Can one position one’s head 90 degrees to the optic? Yes, under extremely odd shooting positions such as laying on one’s back firing to the side.
Knowing there can be a problem, the solution is to ditch the shades if one drops to the ground in a firefight, I would suppose.
October 8th, 2008 at 11:10 am
Polarized filters emit light in only one plane blocking all others. What happened was the shooter rotated the polarized plane of the sunglasses 90 degrees to the plane of the sight. Thus the light from the sight was blocked by the plane of the glasses since it was 90 degrees out of phase.
Whether this happens to any one individual depends on the plane orientations, whether the polarization is precise or covers a range of angle, etc.
As suggested try looking into your sight while rotating the glasses to find the angle in which the visual goes dark.
I have a pair of sunglasses that has a problem with the LCDs on gas pumps if I cock my head slightly right. Rotate left and I can read them with no problem.
October 8th, 2008 at 11:50 am
If you recall from Reno, I have an Eotech on my MKII, looking at it right now, with my decent polarized Ray Ban sunglasses, I can tell you the image in the scope is visible regardless of lens/site/head orientation.
Myth busted.
October 8th, 2008 at 11:51 am
That should be sight, not site.
October 8th, 2008 at 12:11 pm
Oy. I say get out the scope & shades, I’m ignored. JKB says do it and you jump.
If I had a tie I’d adjust it and say “no respect, no respect at all.”
October 8th, 2008 at 12:13 pm
I guess you missed the part where me and jimmyb said we’ve done that?
October 8th, 2008 at 12:41 pm
Lenses can have a circular polarization as well.
October 8th, 2008 at 12:46 pm
If they are both polarized lenses, then it will happen when they are out of phase. If you didn’t have it happen, either your shades aren’t polarized, or you never got them into perpendicular phases. (Or the shades are poorly polarized, and the effect is minimal.)
I’ve actually held two lab-grade polarized lenses and rotated them against each other. (Well, the rings. You don’t want to actually run the lenses together.) When they are perpendicular, it is opaque. Completely. A good tutorial is here:
http://www.laramyk.com/education/dispensing/polarized-lenses.html
October 8th, 2008 at 3:22 pm
I get an Unclelaunche and all I get is two measly comments. Heh.
October 8th, 2008 at 4:53 pm
I wrote about that here. I had that problem with an older Bushnell Holosight. Back then they weren’t addressing the issue, and this sight’s reticle was attenuated in the upright position. Now EOTechs all have their polar orientation set to allow full brightness when upright, using polarized glasses.
To say you get a “blank screen” is an exaggeration. I still use the old Bushnell with my polarized shooting glasses. I just have to crank up the brightness as far as it’ll go and it’s OK.

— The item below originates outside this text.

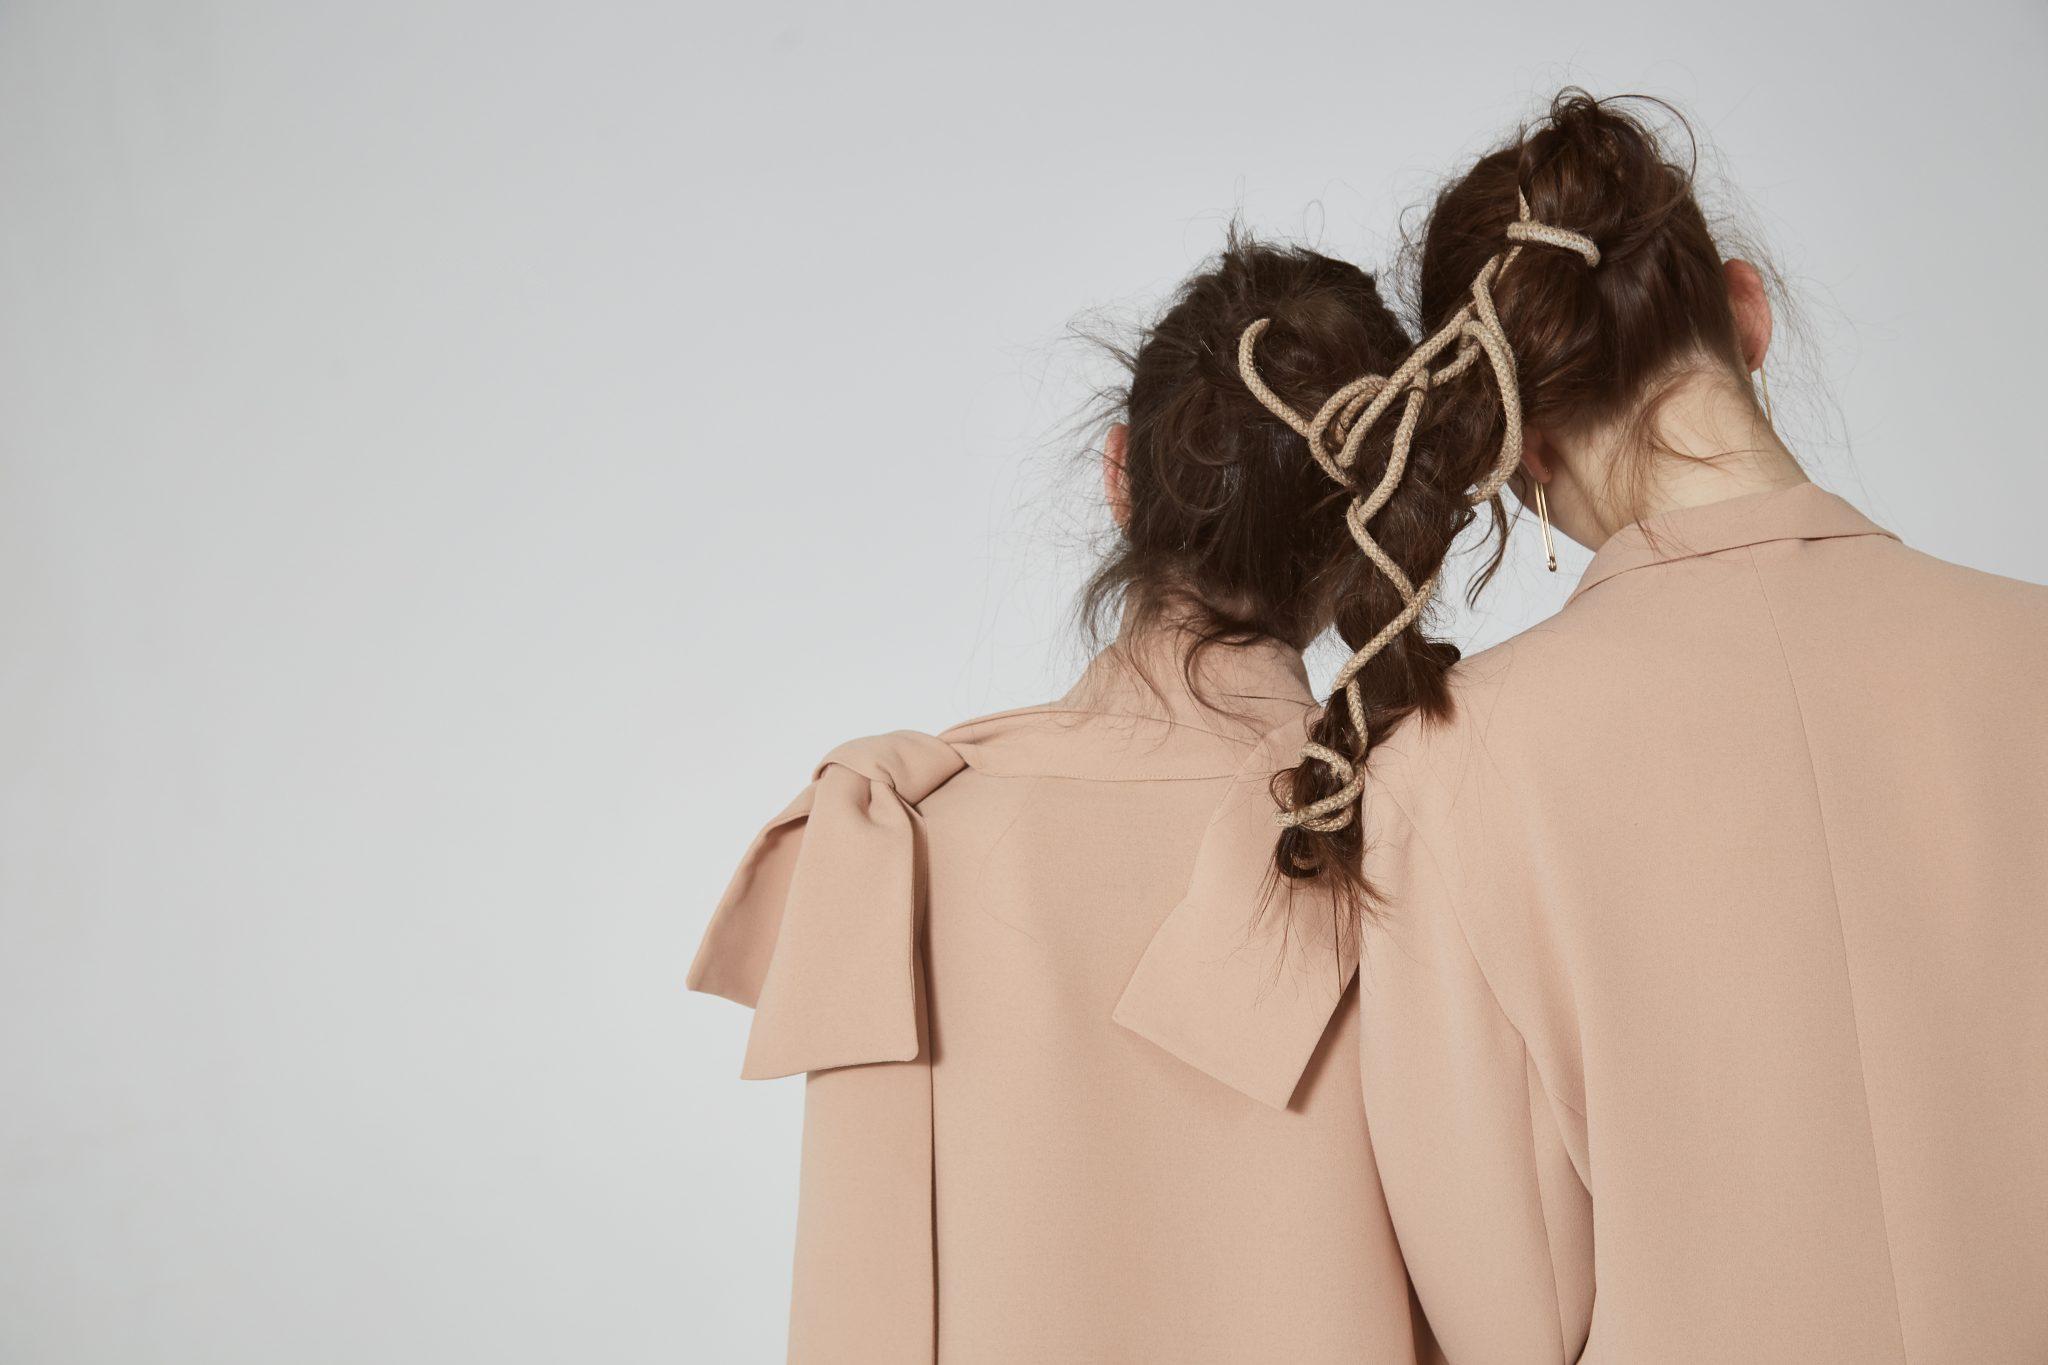 Twinning - Jungle - Editorial - Marcin Leszczyński - Sarah Stalder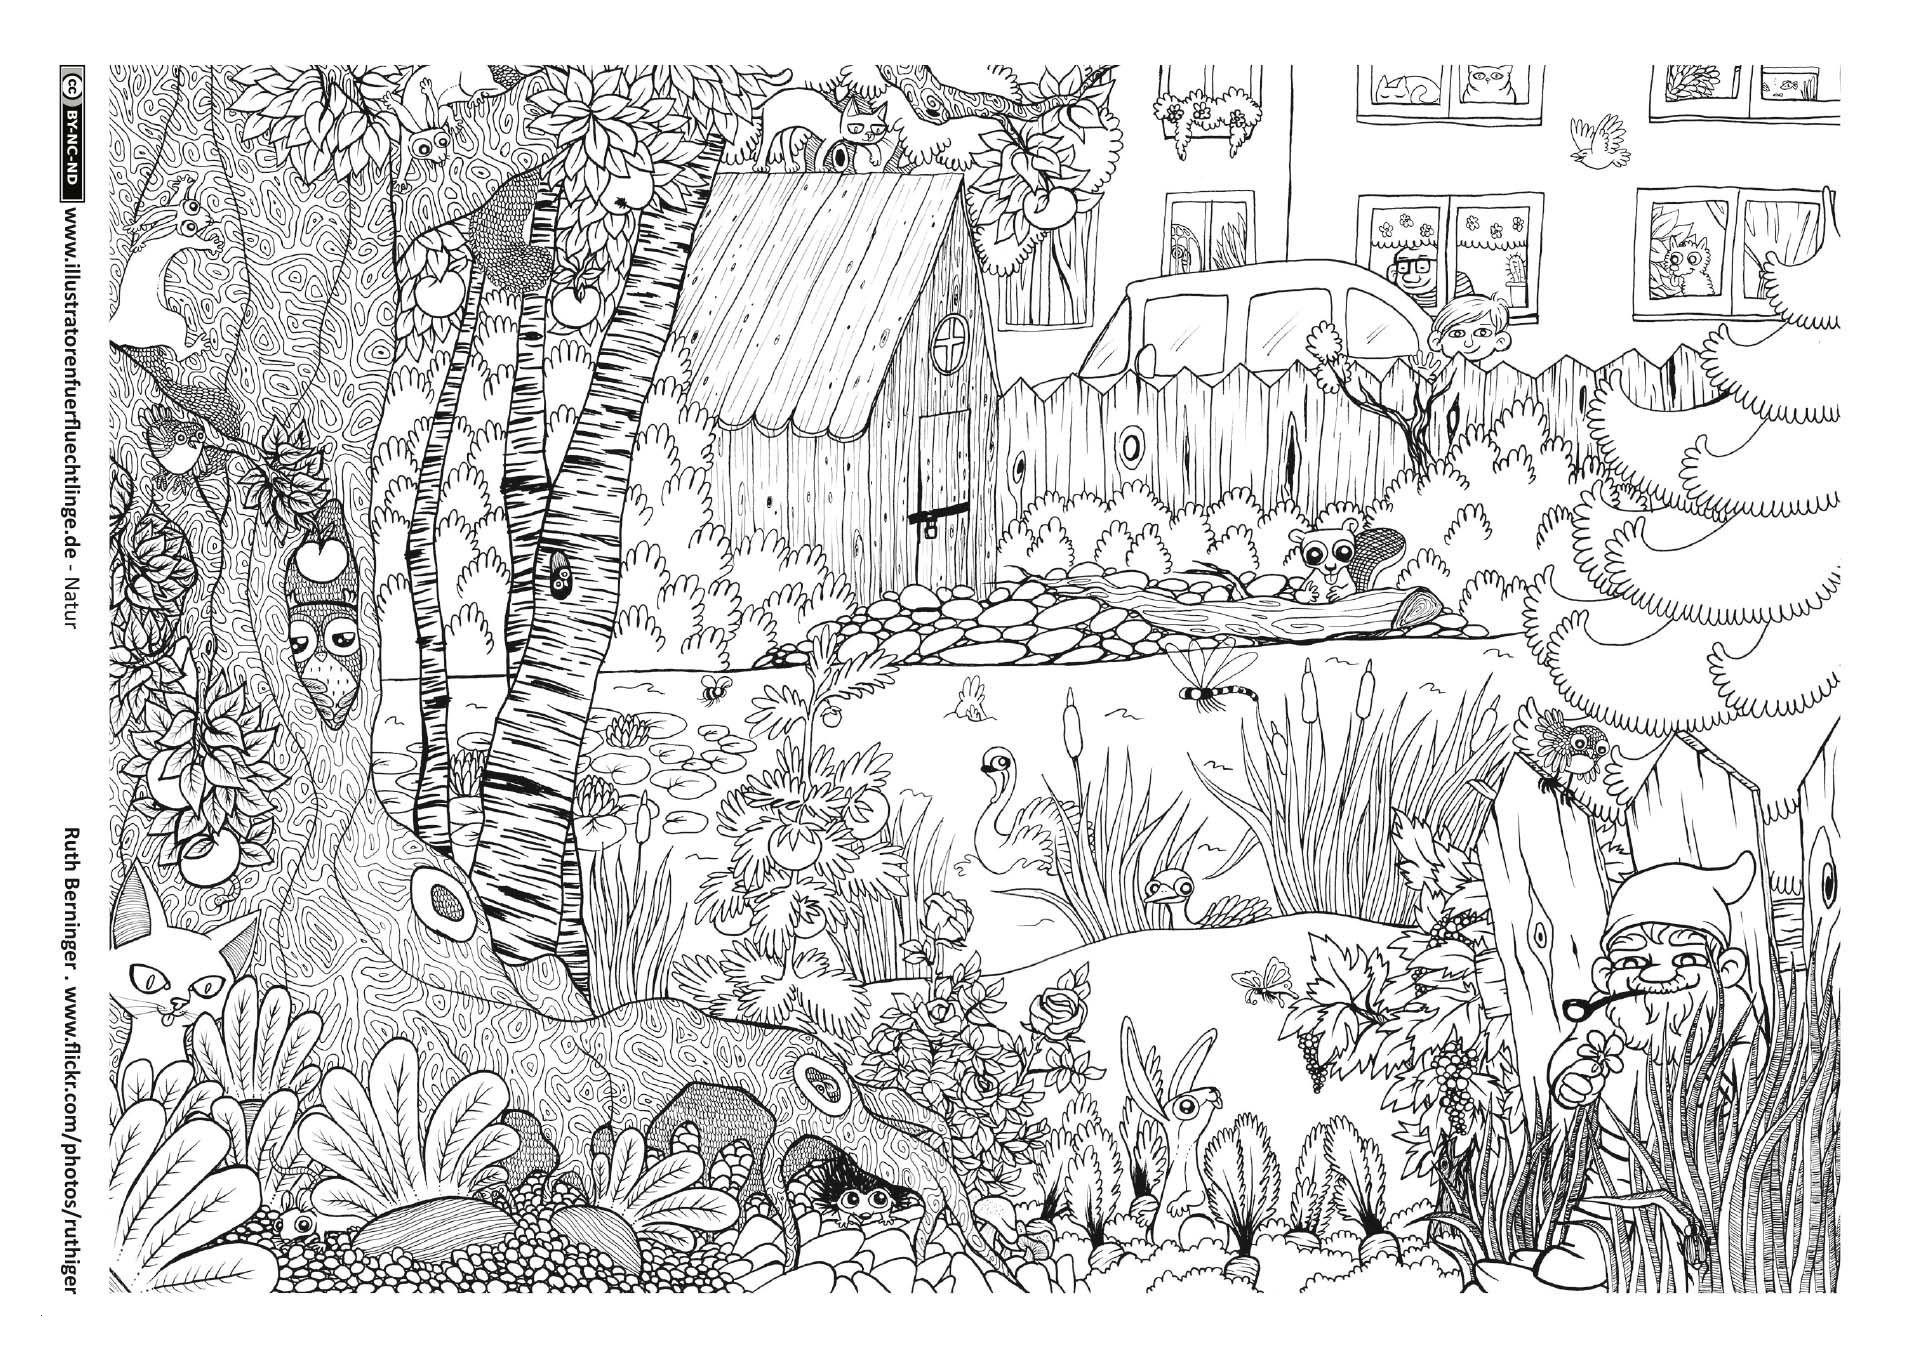 Ausmalbilder Herbst Pilze Frisch Garten Tiere Wimmelbild … Schule Pinterest Genial Malvorlagen Herbst Bild

October 8th, 2008 at 5:53 pm
My fathers car has tinted windows that are polarized. He got a pair of cheap sunglasses and when he put them on he could barely see out the rear window. If you tilt your head 90 degrees and look out it was fine.
Also, not all red dot scopes will do this. In fact I bought a bushnell multi-retical red dot and it comes with polarized lenses you can take on and off to lessen the glare (the 2 lenses are housed in one rotatable housing, so when you attach it to the sight, one lens is stationary while the other one moves, which makes it brighter and darker).